Red is the blood, black is the entrails and green for the body.
Why from the four corners of the earth?
So that if one comes from the east to the west and arrives at the end of his life as they neared departing from the world, the land will not say to them,
‘The dust of your body isn't mine. Go back to where you were created.’
Rather, every place a person goes, a part of him is from there and a part of her is returning there.
This midrash offers us a few powerful teachings: God knows from the get-go that we humans will be imperfect and full of conflict and God offers God’s compassion as the first response to our own imperfections.
The midrash also imagines us created from dust from all over the earth. Saying that we don't belong to one place or to another, but our existence in this world is beyond geography. We are imperfect and we belong!
We can read these teachings from so many perspectives.

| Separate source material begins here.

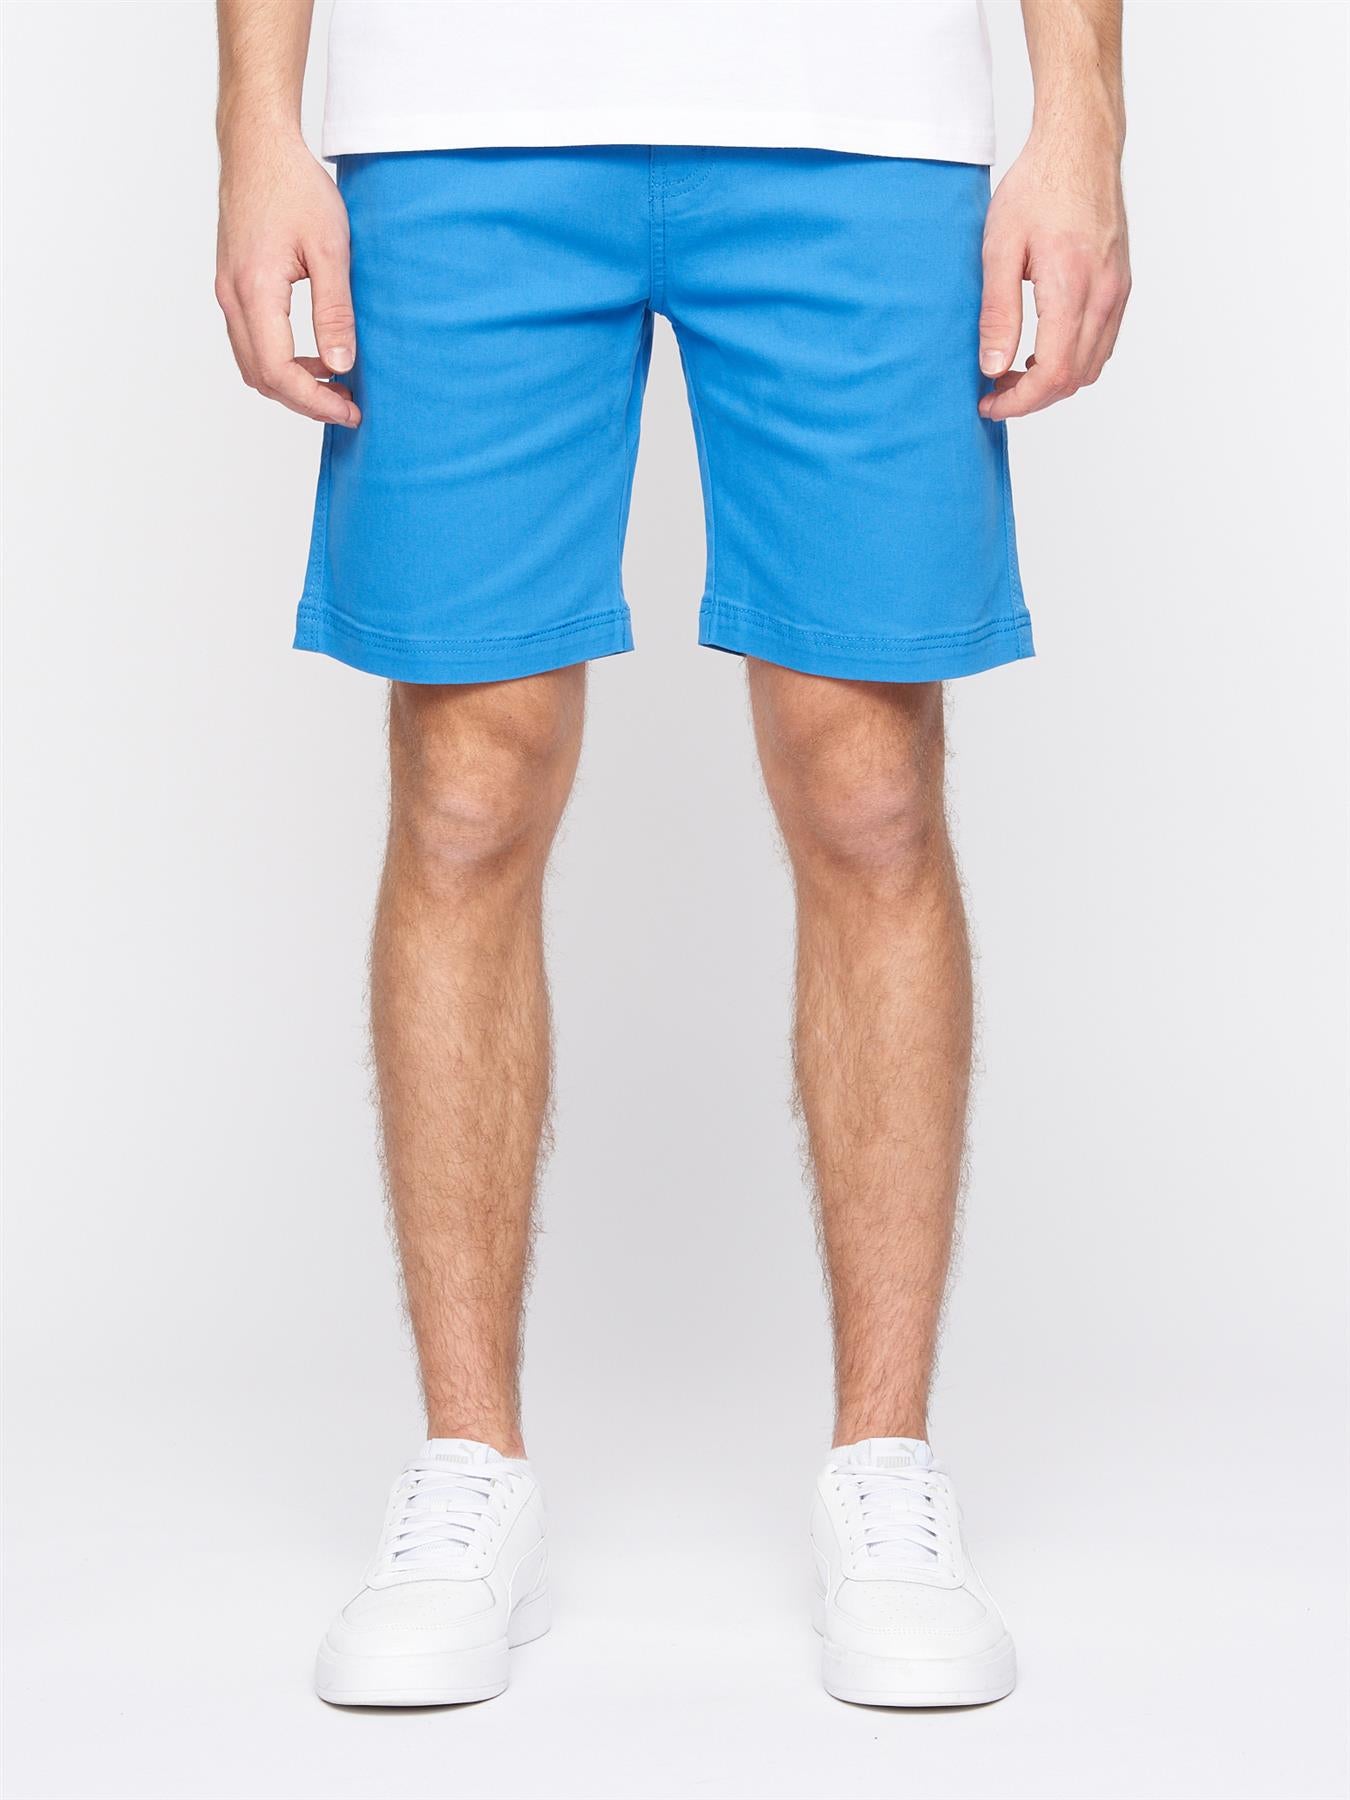 Marvis Shorts Bright Blue

We can read it, in the light of the refugee and imigration crisis we constantly face in this world, as the midrash imagines a world where you go from east to west and you always belong.
We can also read this teaching also from an environmental point of view as a call to understand that we, each of us, belong and exist intrinsically as part of the earth. We are an essential part and our belonging to the earth is part of who we are.
Both of these teachings for me speak to cultivating humility as a creation of God. We are created imperfect and told from the beginning that God’s compassion will hold our imperfections. We are also told that we belong and that we are an intrinsic part of creation. This, of course, reminds me the well known teaching attributed to Rabbi Simcha Bunim, a nineteenth century Hasidic master:
Rabbi Simcha Bunim teaches:
Every person should have two pockets.
In one pocket should be a piece of paper saying:
"I am only dust and ashes." When one is feeling too proud, reach into
this pocket and take out this paper and read it.
In the other pocket should be a piece of paper saying:
"For my sake was the world created."
When one is feeling disheartened and lowly, reach into this pocket and take this paper out and read it.
We are each the joining of two worlds.
We are fashioned from clay, but our spirit is the breath of Adonai.
(Tales of The Hasidim Later Masters, Martin Buber, p.249-50)
As we start “m’bereshit” we have an opportunity to set intentions for ourselves for this year. I invite us to begin this new Torah cycle with this intention of holding both our imperfections and our belonging. What are the two pieces of paper you hold in your pockets? How do you plan to start anew and from the beginning, again, holding the strength and the pain and creating a new song for the year of Torah that we begin.
May this Shabbat bring renewal and blessings to all of you and your loved ones.
May we find strength, courage, and patience, and open our hearts with generosity.
May we start the journey of learning Torah together again, in depth and with joy.
May all those who are ill find healing.
May we have a joyful and restful Shabbat!